Машина медленно ехала по рыхлому ракушечнику. Песок барабанил сзади по багажнику. Жена сидела рядом в темных очках, поглядывая по сторонам – пыталась среди отдыхающих разглядеть сына. Она была взволнована.

– С ним что-то происходит. Взорвался из-за чепухи.

– Я тебе скажу, что происходит, – дорога стала плотнее, и Клементьев прибавил скорость, чтобы быстрее добраться до лагеря: духота в машине стала нестерпимой. – Происходит с ним знаешь что? Он обнаглел. Обнаглел он совершенно естественно, по всем законам психологии. Потому что у него масса прав, но никаких обязанностей. А это разлагает человека. У меня в детстве был четкий круг обязанностей. Каждый день я должен натаскать бочку воды, помазать навозом с глиной полы в комнатах, обеспечить или сеном или травой корову, начистить к ужину картошку, поработать на огороде. Вечером отец принимал рапорт. Если все было как следует, отец говорил довольно: «Ну, а сейчас не грех и подзакрепиться», и я садился за стол как равноправный член семейства и ел наравне со всеми. Если же работа была выполнена не полностью, я получал лишь кусок хлеба и кружку воды.

– А если совсем не выполнена?

– Такое было только один раз. Я был лишен еды полностью на сутки. Вот тогда я узнал, что такое голод! Сколько ни упрашивал – отец оставался непоколебим. Тогда я его считал жестоким, сейчас понимаю, что он был прав.

– То были другие времена.

– Что значит другие времена? Времена всегда одни и те же. В том смысле, что труд формирует человека как личность. Конечно, отец и мать мои сами могли и натаскать воды, и помазать полы, и почистить картошку, но они понимали, что мы росли бы тогда иждивенцами, что у нас появилась бы масса свободного времени, и еще не известно, на что бы мы его употребили.

– Лапушка рос болезненный…

– Это мы так считали. А потом и он начал привыкать к мысли, что он болезненный и трудиться ему вредно.

– Вот заладил: «трудиться, трудиться». Что делать-то? Коровы у нас нет, картошка продается в пакетах мгновенного приготовления – залил молоком и готово пюре. Или, может, отказаться от уборщицы? Пусть Лапушка убирает квартиру?

– Может быть.

– Значит, ты сторонник искусственных трудностей?

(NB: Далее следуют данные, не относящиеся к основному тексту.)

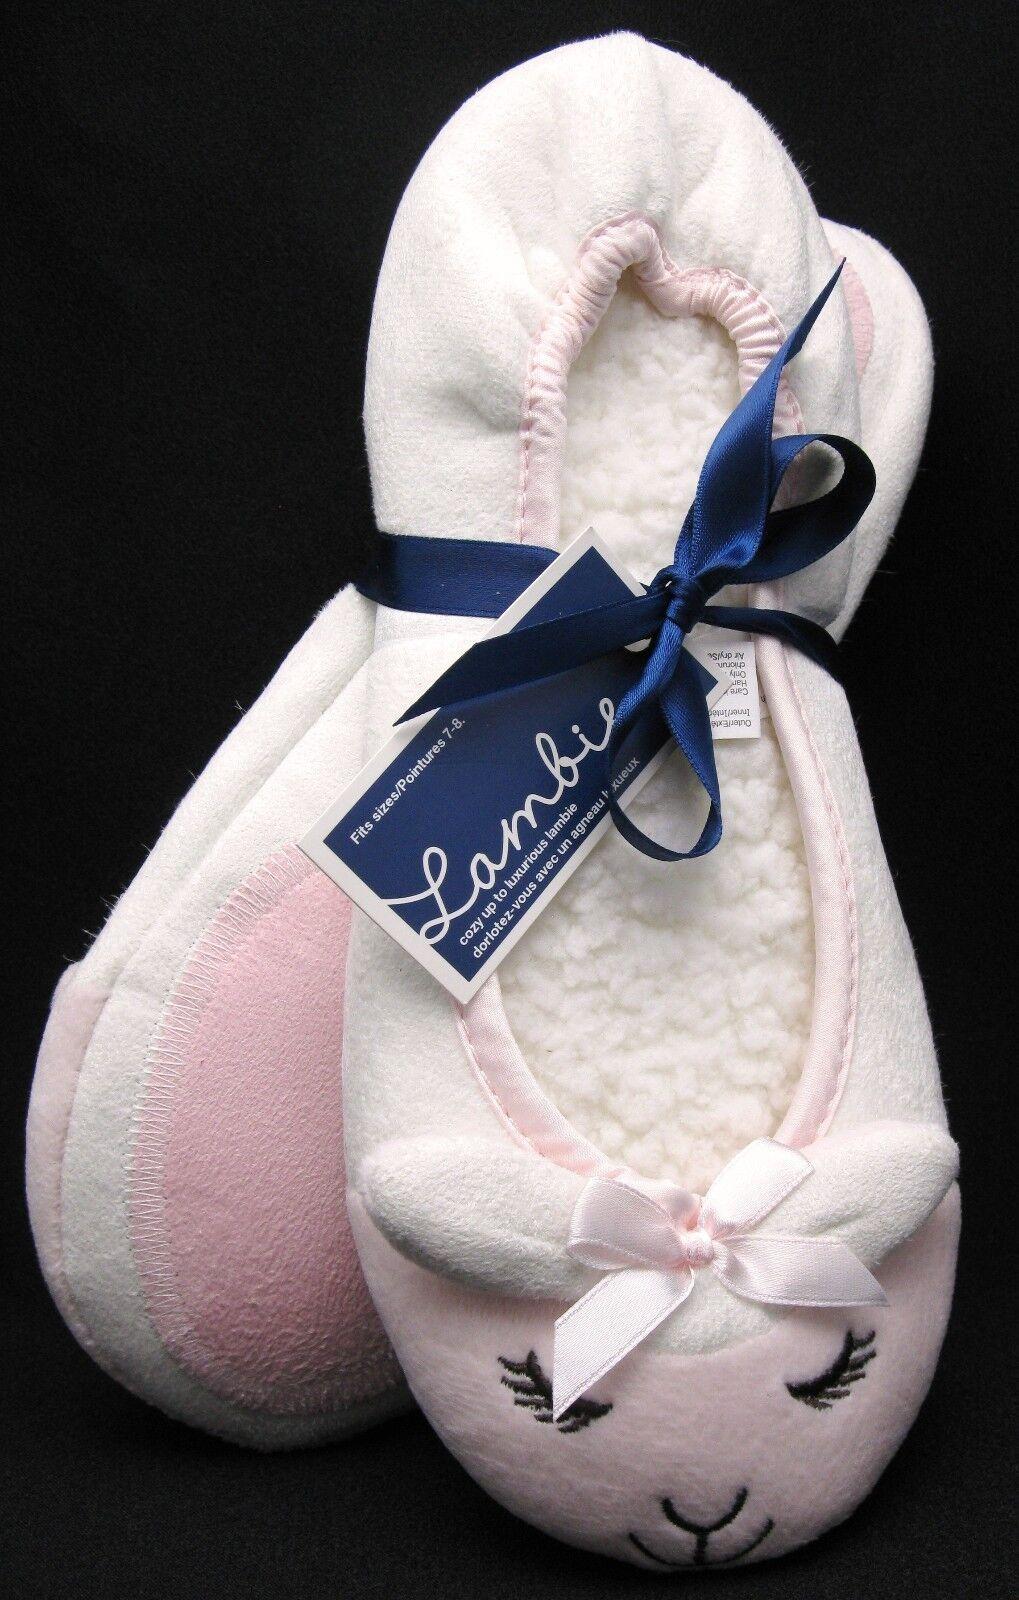 Bath & Body Works LAMBIE Ballerina Ballet Slippers 7-8 Small Medium New w Tag

– Ни в коем случае. Но я всегда твердил, что у него должен быть круг обязанностей.

– Какой?

– Не знаю… Ты даже не хотела разговаривать на эту тему. Дескать, пусть отдыхает, пока маленький, успеет наработаться. Вот и дождались…

– Ничего страшного не произошло.

– Конечно.

– Подумаешь. Дети сейчас такие дерзкие. Соседский мальчишка вон гоняет мать за папиросами.

– Не утешай себя. Сегодня произошел ужасный случай, и я это так не оставлю.

– Что же ты собираешься делать?

– С сегодняшнего дня я перестрою наши отношения в семье. Я определю ему круг обязанностей.